Akanksha Vardani (Research Advisor, Behavioural Insights Team UK) presented ‘Willingness to pay as a measure of agency: Implementation and Interpretation’ at the Food and Nutrition Policy (FNP) Brown Bag Seminar on October 29, 2025. The paper, co-authored with Aletheia Donald (World Bank) and Berber Kramer (IFPRI), examines the validity and interpretation of willingness to pay (WTP) experiments as measures of bargaining power within households.
Willingness to pay for control over income—typically assessed through lab-in-the-field experiments—has become an increasingly popular method for measuring bargaining power, with higher WTP values conventionally interpreted as indicating lower bargaining power. However, questions remain about both the practical feasibility of implementation and the validity of this interpretation.

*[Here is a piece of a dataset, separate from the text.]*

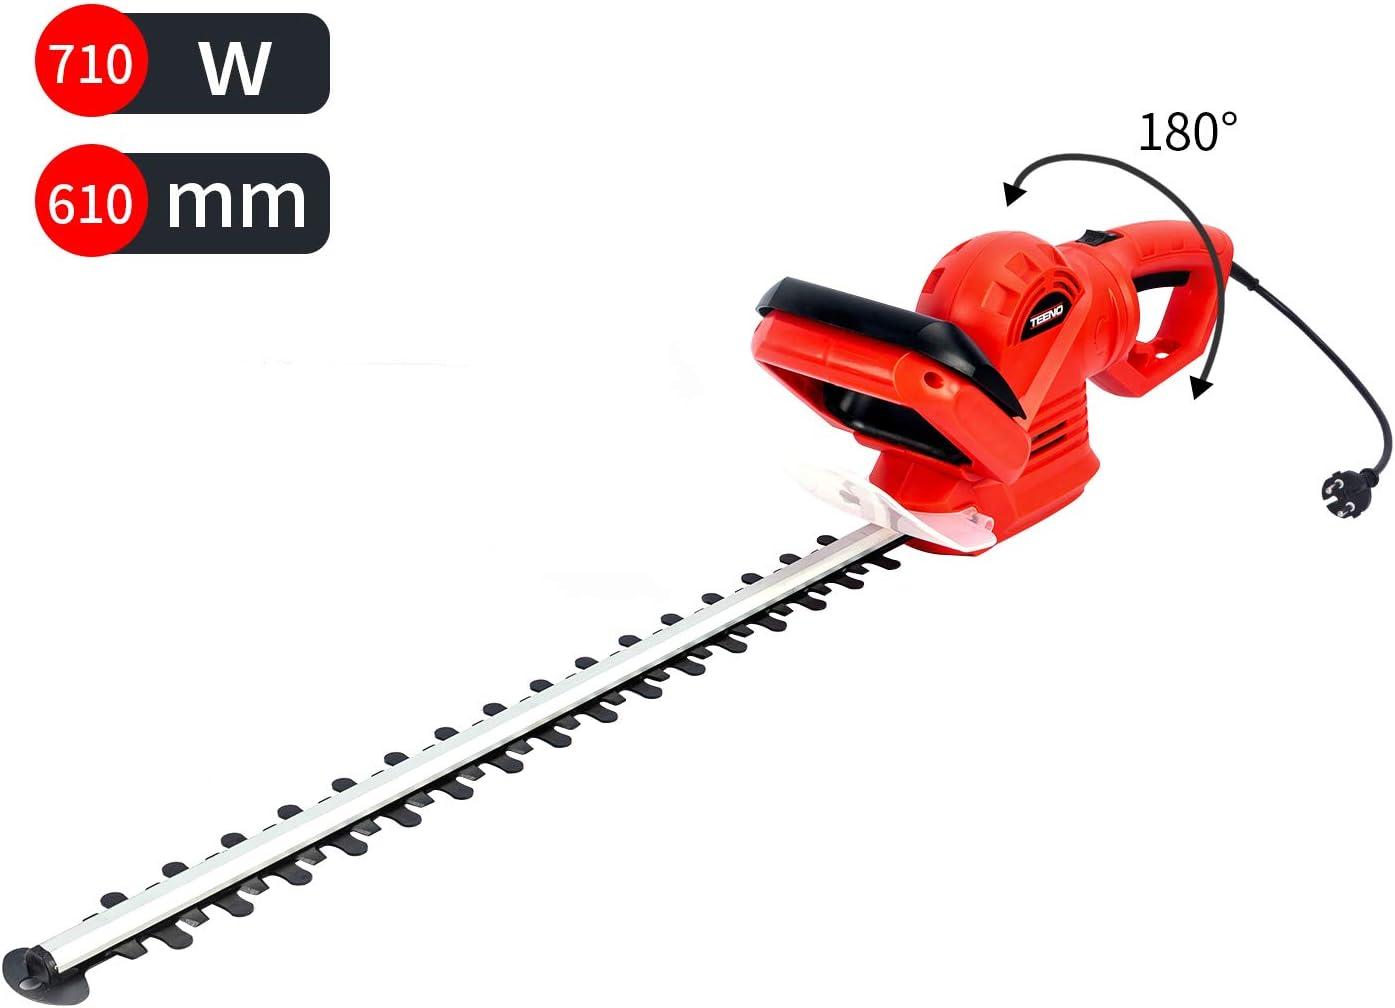 TEENO Cortasetos, 710W Cortasetos Electrico, Longitud de la Cuchilla 610 mm, Paso 24 mm, 180 ° Ajustable, Ajuste del Mango de 5 Posiciones, Diseño del Cabezal Anticolisión

As part of MAGNET, the authors designed a simple survey module to elicit WTP alongside participants' motivations for reporting positive, zero, or negative values, and implemented it among 498 women and 498 men in Rwanda in parallel with traditional lab-in-the-field elicitation. The study found that lab-based elicitation does not perform better than the quicker and cheaper survey-based measure. These findings were replicated with 866 women and 867 men in India.
Critically, respondents across the distribution of WTP values cited reasons that challenge the assumed monotonic relationship between WTP and bargaining power. Many participants with positive WTP attributed this to preferences for dignity or private insurance against future contingencies like divorce, rather than to fears of spousal appropriation. When the analysis conditioned on these reported motivations, correlations between WTP and bargaining power aligned with theoretical predictions.
A key takeaway is that understanding why individuals are willing to pay for control—rather than simply observing that they are—is essential for accurately measuring agency and bargaining power within households. The presentation was followed by an open discussion.